Foi histórico por causa delas

O futebol feminino no Brasil carece de investimentos, apoio e estrutura. Não é de hoje. Marta, Cristiane e Formiga, para ficar em apenas três atletas, já reclamaram da disparidade.

Apenas cinco das 23 jogadoras atuam no futebol brasileiro. França e Estados Unidos abrigam todas suas atletas convocadas para o Mundial em ligas domésticas.

Em 2017, como mostrou a jornalista Gabriela Moreira, a Confederação Brasileira de Futebol extinguiu o Comitê de Futebol Feminino. A extinção aconteceu durante a gestão de Marco Polo Del Nero, que não deu explicações ou justificou a decisão.

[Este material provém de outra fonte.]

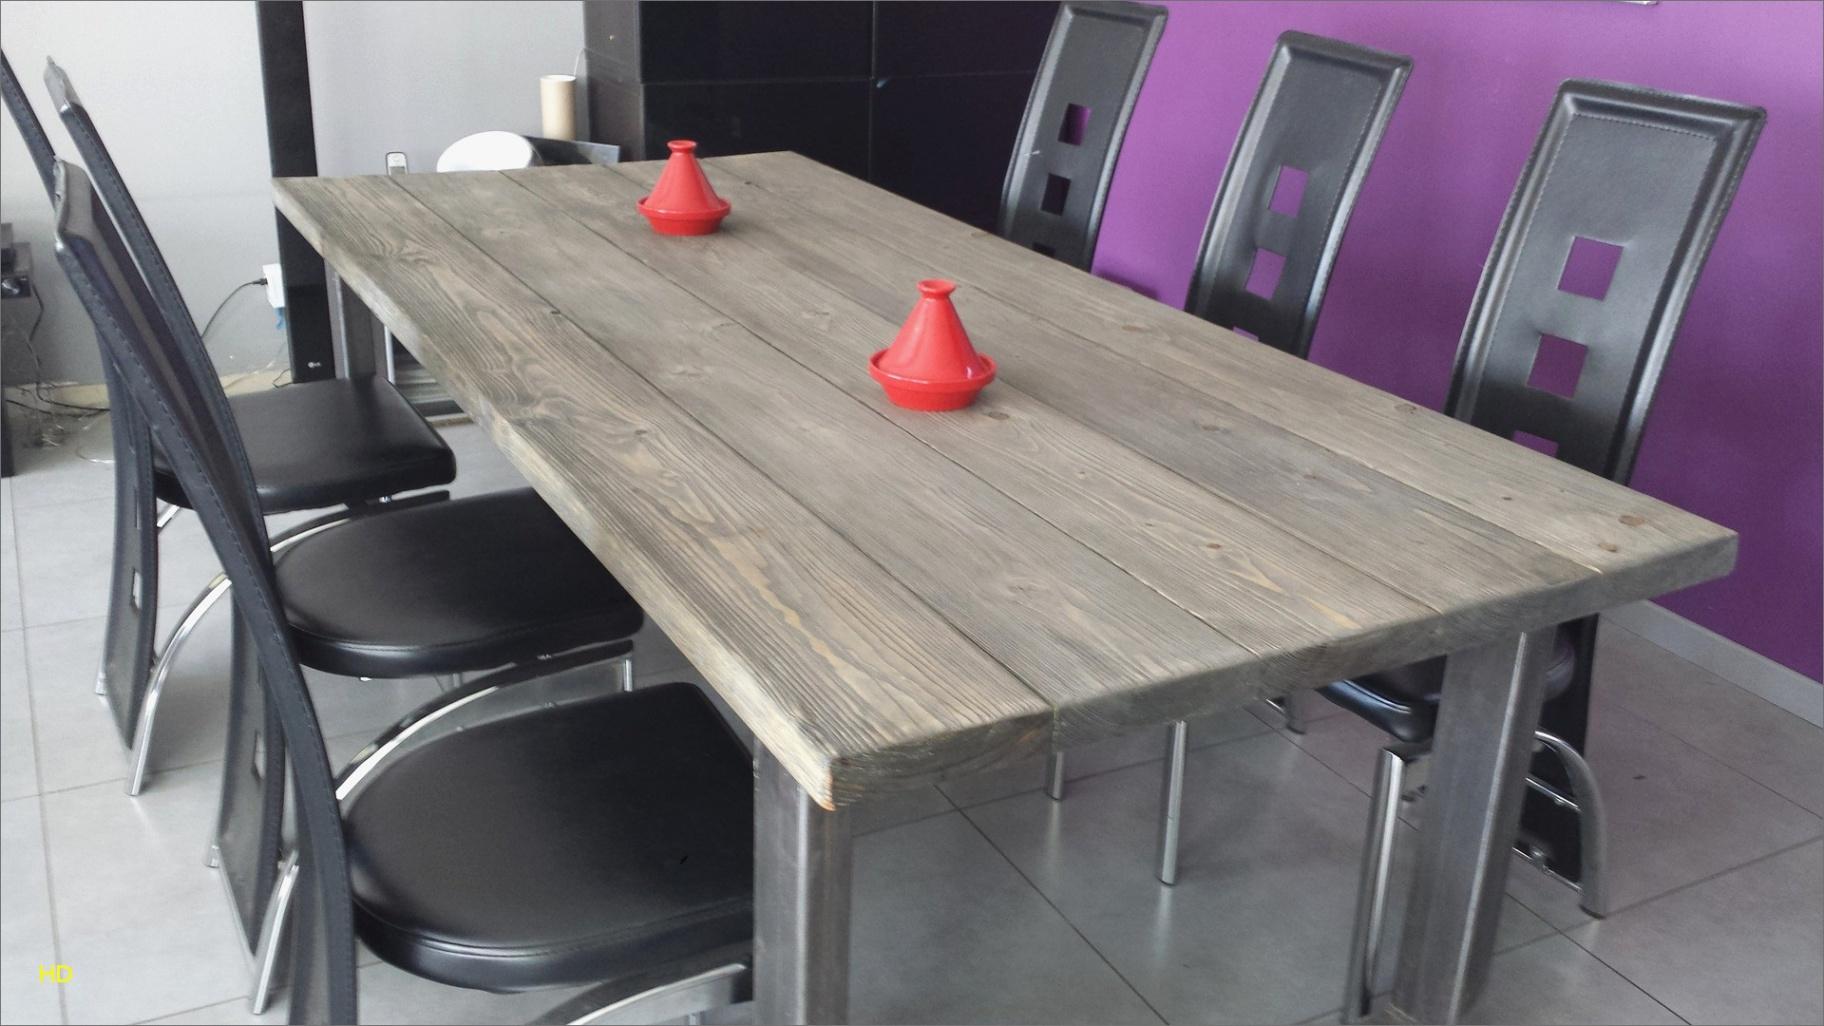 Table Carree 8 Personnes Salle À Manger Beau Résultat ... avec Table De Jardin Carrée 8 Personnes

“Nós entregamos mais de 20 sugestões para a CBF. Ideias que podem melhorar a modalidade em todo o país, em relação ao seu desenvolvimento, ao seu fomento. Isso já está com eles desde outubro. A gente entende que as mudanças que eles farão para o ano que vem são muito simples que já deveriam ter acontecido há um certo tempo. Eram questões que bastava ter escutado quem já está falando isso há bastante tempo”, comentou Juliana Cabral, ex zagueira da seleção e uma das membras do grupo.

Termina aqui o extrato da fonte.